Mortgages are so different to when I borrowed just a few years ago. Call the bank to ask advice... They seem to want so much up front these days as a deposit!!!
If your bank will agree then in principle, yes. I remortgaged a while ago to do just that, to reduce outgoings by cosolidating debts. Not sure if it's the same in Scotland but my bank were keen to help, they could see I was struggling. You'll need to ask your bank though.
you can get a mortgage - less the perecentage deposit and fees etc - for what the property is valued at, so with the discount you could realise some capital 'for improvements'!

if you choose to use this to repay a loan too, then you can! BUT if you have failed to pay this loan on time you may not have a good credit record, so getting a mortgage may be harder!
Question Author
My flat is worth around 50k but I could buy it for about 18k. Even if I borrowed 40 then that would be 80% of the value - so that would in essence be the same as me having a 20% deposit without actually having the cash upfront would it not? Basically they won't lend you the full amount which is why you need a deposit. I realise I would have other expenses but I would be able to save more on a monthly basis so I'd have funds there if needed. I've always made my payments and I'm not actually struggling, but it would just free things up a bit and I'd have paid it off by retirement age so I wouldn't need to worry about rent.
go for it karen - it's a nice feeling not to have to scrimp so much every month
Question Author
I think I'll pop into the bank on Monday Boxy :-)

Thanks all! xx
The important thing is to be totally up front about your situation and exactly what you want the money for.

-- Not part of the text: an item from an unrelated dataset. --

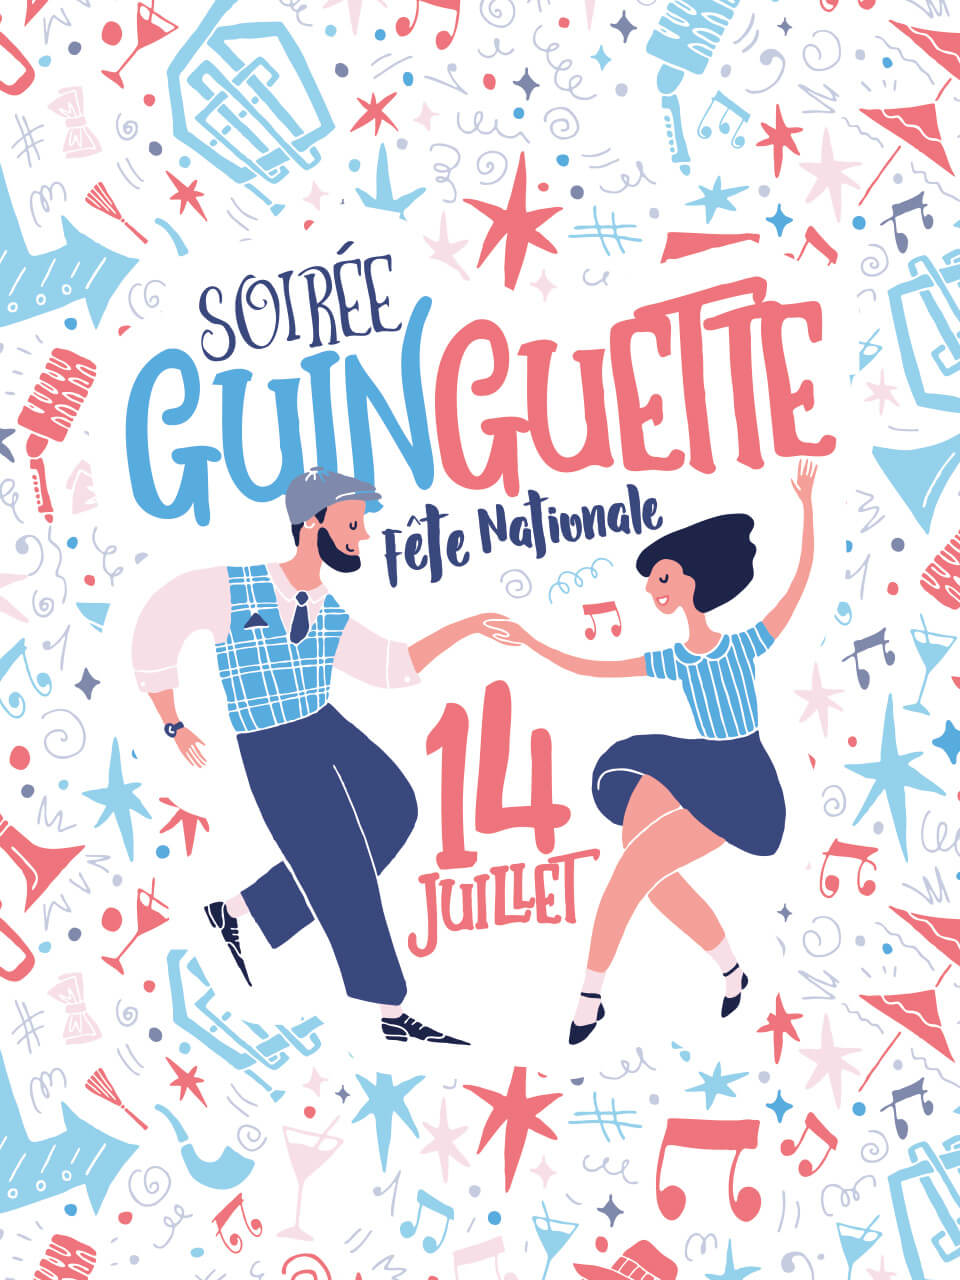 Affiche 2020 soirée guinguette 14 juillet

From the bank’s prospective, they have the flat as security against your ‘loan’ – so providing that you meet all their requirements, I don’t see a problem.

If you are refused by your bank, it’s worth asking other mortgage lenders if they would oblige – they might even offer a better rate.

But playing devil’s advocate, imagine Joe Soap walks into a bank and says ‘I want to buy this house for £200k with a mortgage from your good selves’.

‘OK says the bank’s mortgage advisor – I see that as a client of the bank that you have the required income to cover the mortgage repayments – but what about the minimum 10% deposit we require?’

‘Ah’ says Joe Soap ‘You see - the house is actually worth £220k, and that extra £20k is my deposit’.

At this juncture the bank’s mortgage advisor will point out the flaw in Joe Soap’s (and your) plan re their mortgage lending requirements.